Reporters need to ask follow-up questions of "eyewitnesses"

From Gulf News:
"We were witnesses to premeditated murders," said historian Mattias Gardell, who was on the Mavi Marmar.
 From DN.se (translated):
The Israelis committed premeditated murder. Two people were killed by shots in the forehead, one was shot in the back of the head and chest, said Gardell.
 
He did not see the killings with his own eyes. His information is based instead on what he asked others in prison.

Reporters are treating these "witnesses" with kid gloves. From the excellent site Just Journalism:

The most widely quoted British activist, who was on board the Mavi Marmara, is Sarah Colborne, director of campaigns at the Palestine Solidarity Campaign. She has been quoted in four of today’s broadsheets, the BBC News website and also featured on last night’s Channel 4 News.

She was generally presented as horrified and dismayed over the Israeli army’s deployment of lethal force. The Times reported her as saying, ‘Everyone’s just in shock. It was a massacre that took place there.’ The BBC’s Peter Jackson’s website article, ‘UK Gaza activist Sarah Colborne - ship raid 'surreal'’ described Colborne’s account as one of ‘stunned surprise’ and quoted her at her press conference, insisting: ‘It felt surreal, I couldn't quite believe they were doing what they were doing - none of us anticipated it’....

The only journalist to challenge the PSC director’s claims that she was surprised that the Israelis boarded the boat and to press her on who initiated the violence was BBC Today programme anchor Sarah Montague. The journalist repeatedly tried to glean from Colborne, who had started the violence and what she had actually seen. In the following exchange, Colborne revealingly avoids the BBC journalist’s question about whether or not the passengers attacked the soldiers and implies that she did not actually see Israeli commandos open fire:

Sarah Montague:    Are you saying that Israeli soldiers who boarded that ship opened fire and there was no provocation for it?

Sarah Colborne:    That’s what I am saying, yes.

SM:    You saw that. You saw them fire when there was no attack on them.

SC:    I saw them, well, I saw them, what I saw was them coming down from a helicopter onto the roof, I saw them trying to board the boat via dinghies.

SM:    Were they attacked by those on board?

SC:    They – the people on board, as you can see, were trying to stop…

SM:    Hitting them with metal bars.

SC:    Well, we need to see the entire footage. I believe to give a perspective on what was happening. They were shooting, they were shooting civilians, they were using gas bombs on the ship. The truth is we were in international waters, Israel committed a piracy offence.

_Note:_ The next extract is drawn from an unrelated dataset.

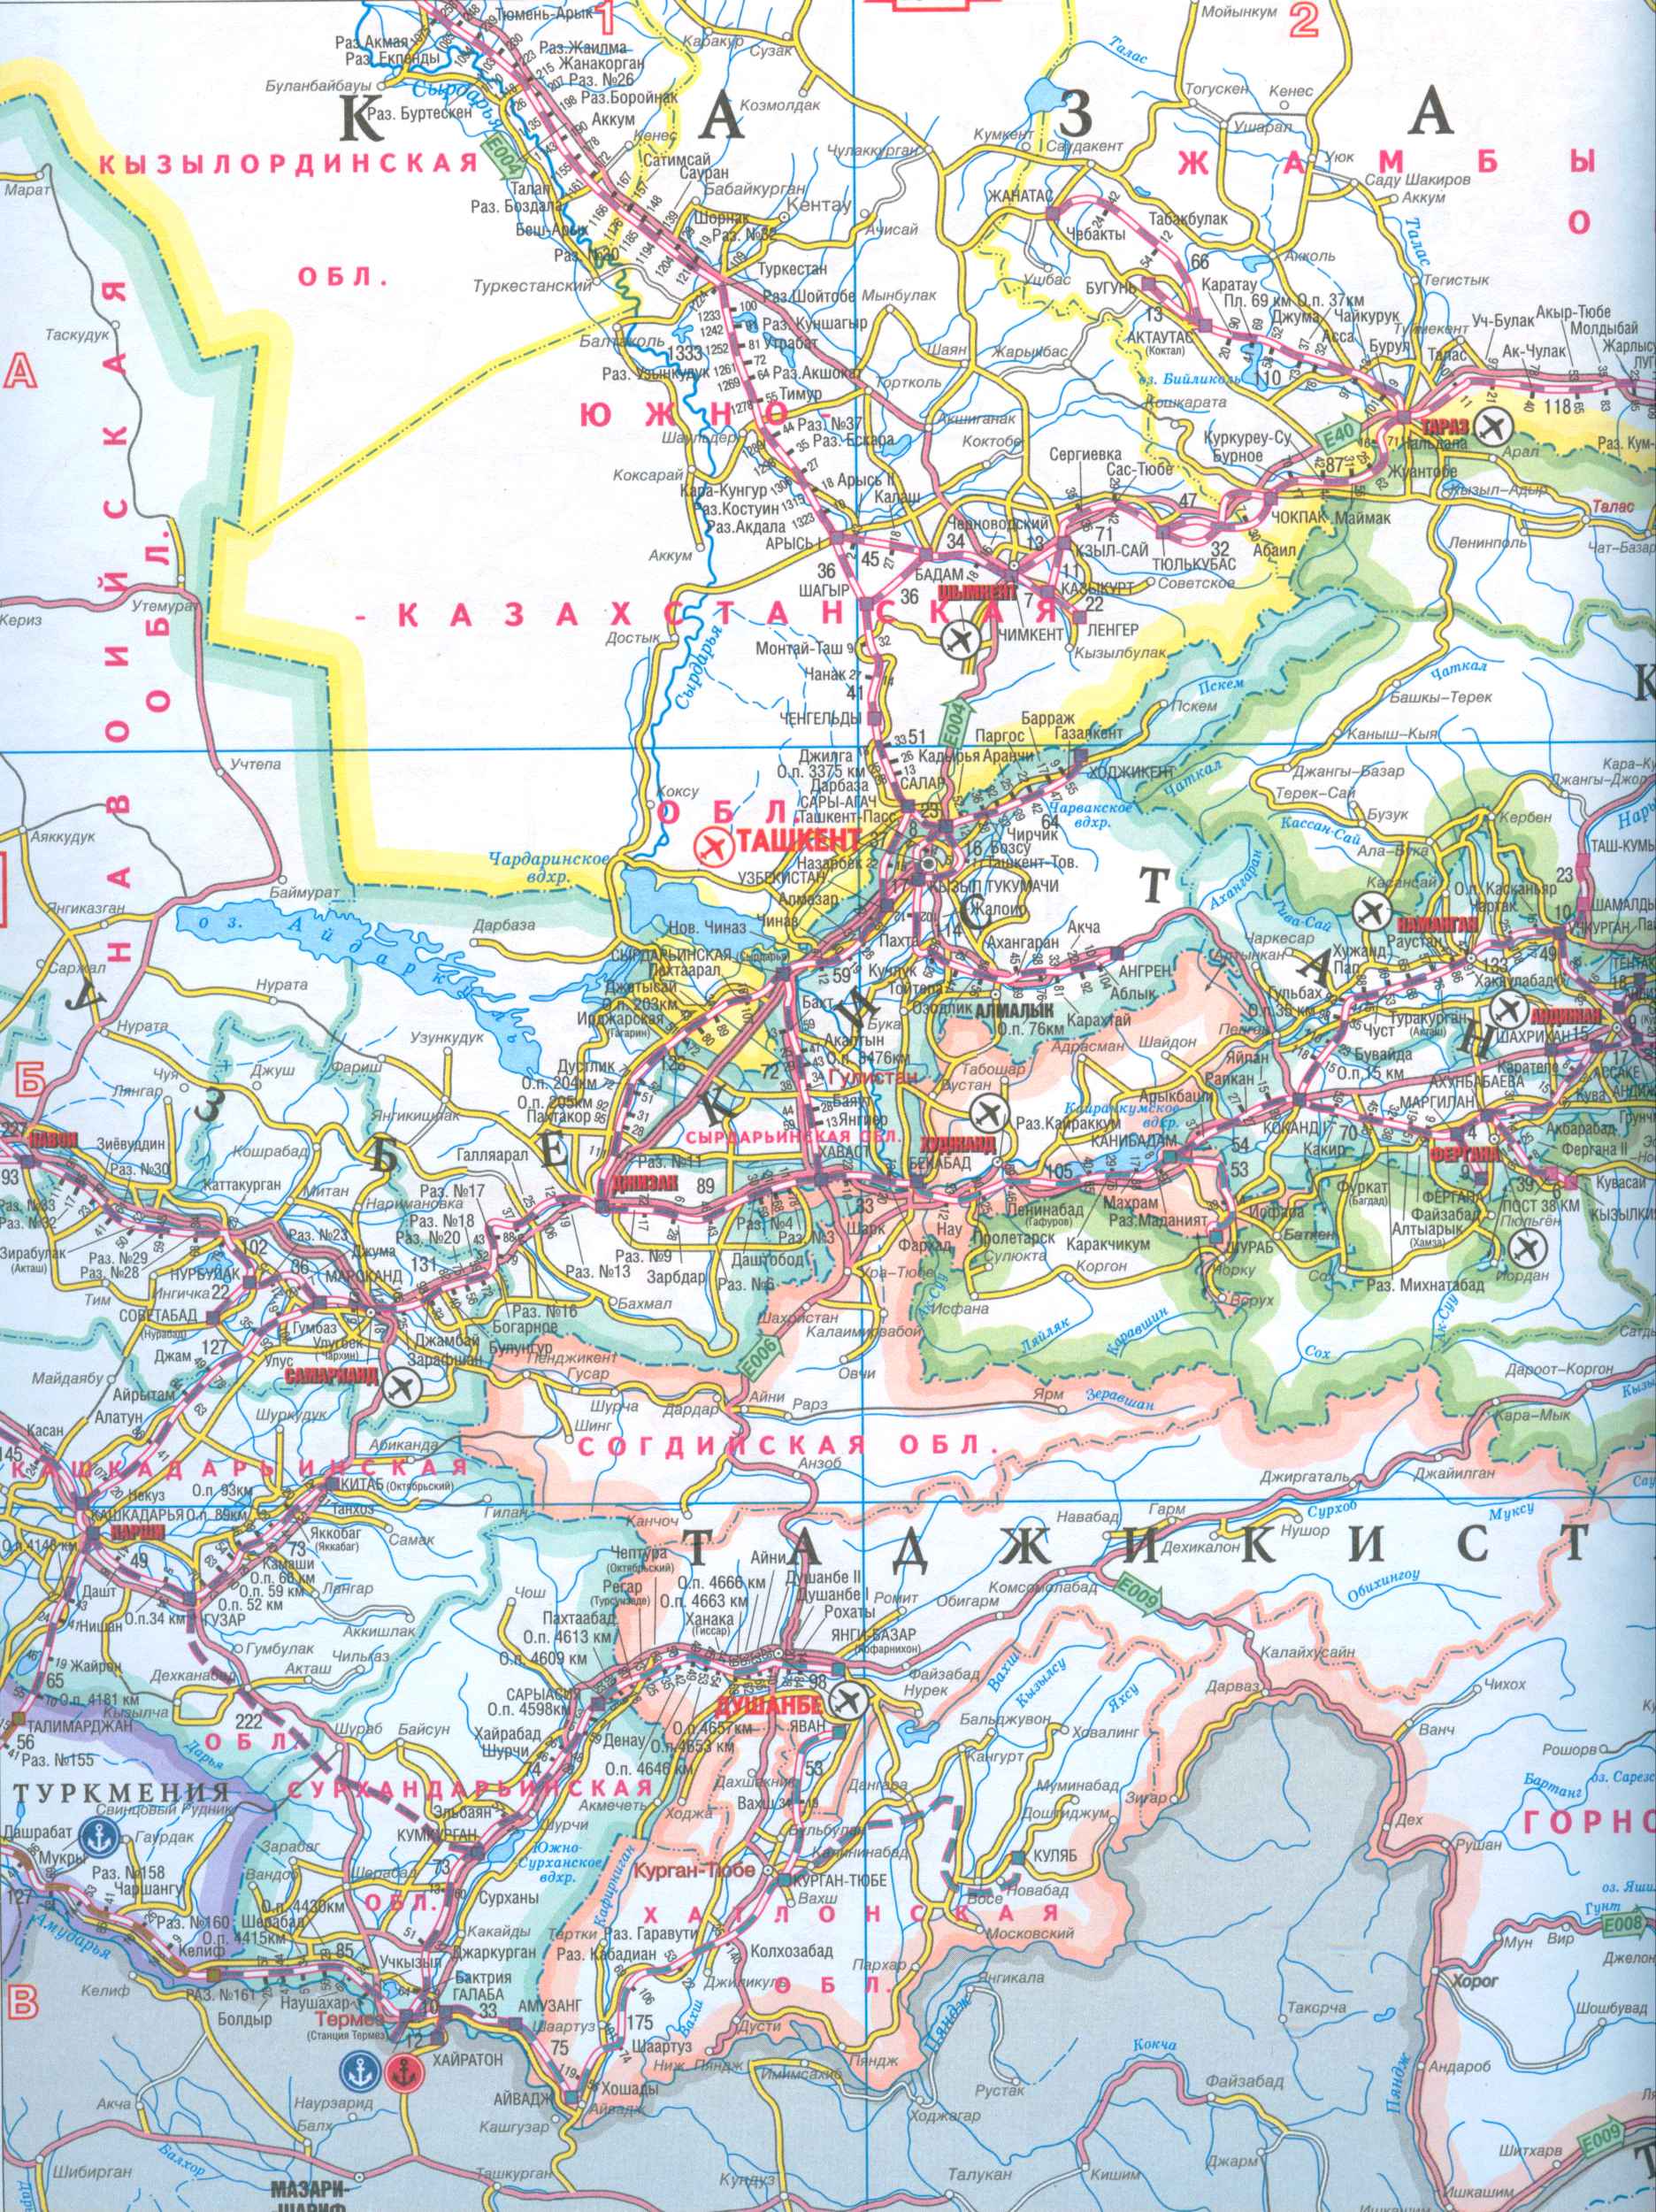 Карта Киргизии и Таджикистана. Карта желехных дорог и автодорог Киргизии и Таджикистана, A0 - 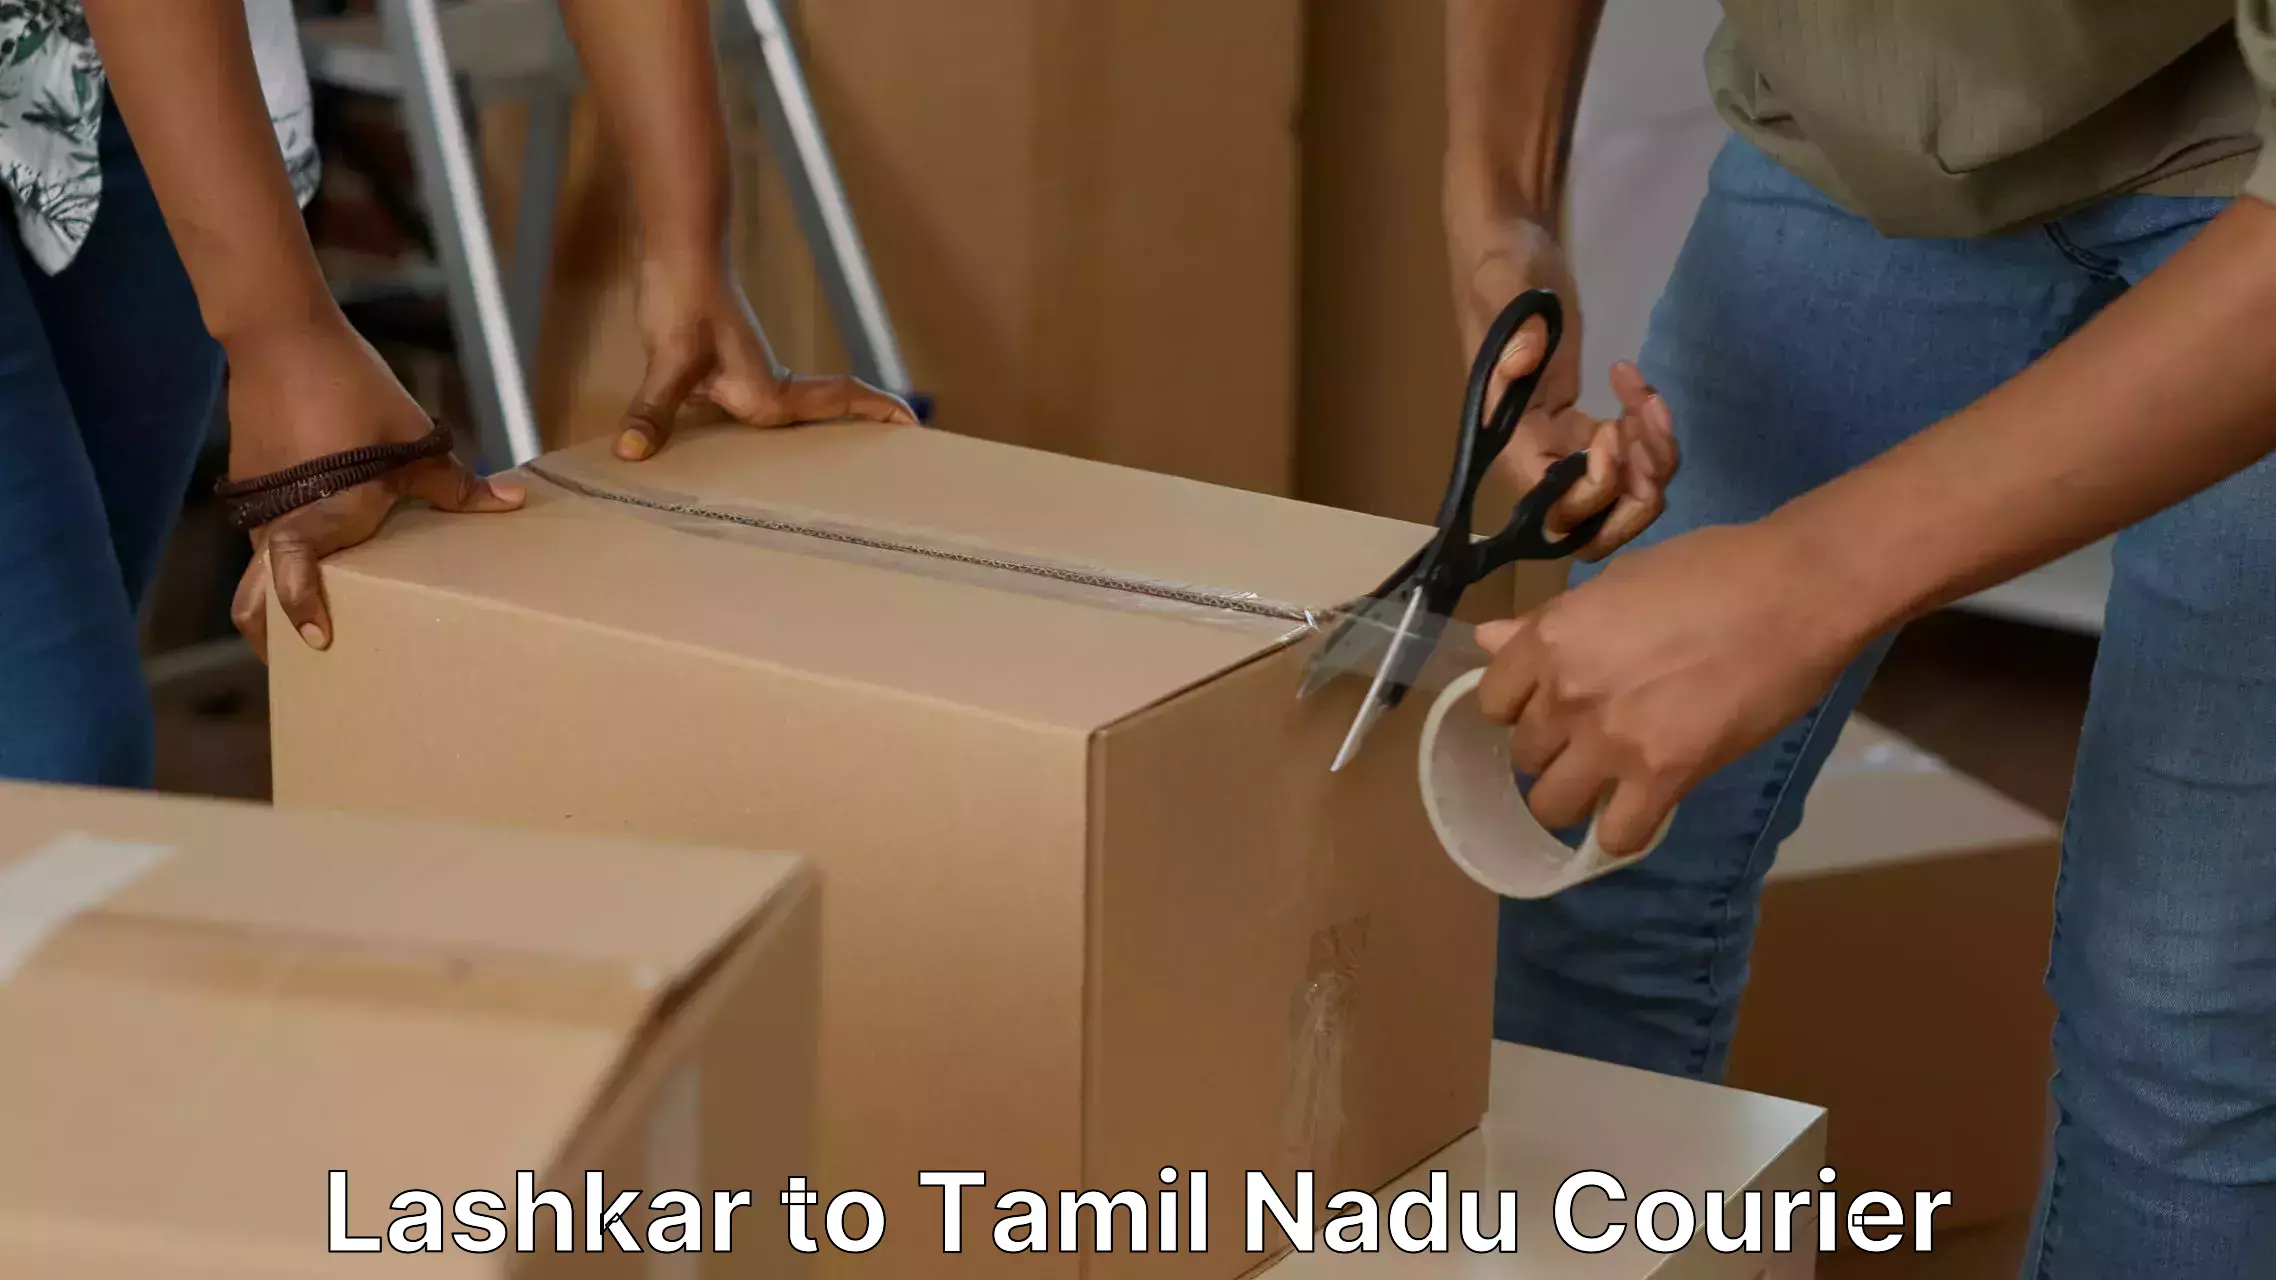 Furniture transport professionals Lashkar to Tamil Nadu

Sarah Montague also challenged Colborne’s contention she had ‘heard no warnings whatsoever’ that the Israelis were going to raid the ship, saying, ‘How can you not have known or how can those on board the ship… because we know from what the Israeli side is saying that there were plenty of warnings?

The BBC journalist finally broached the subject of the professed desire for martyrdom on the part of some of the participants who had died:

‘Let me, let me put something to you. The Turkish newspapers yesterday quoted family members of two of the dead men as saying that they had wanted to be martyrs.’

Sarah Colborne, once again, flatly denied being aware of any such aspirations of her co-travellers:

‘Well, I – I have no idea. I didn’t speak to anyone who wanted to be a martyr.’
The fact that Israel got the footage out on YouTube so quickly has allowed journalists to ask real questions - when they have a desire to find out the truth, that is.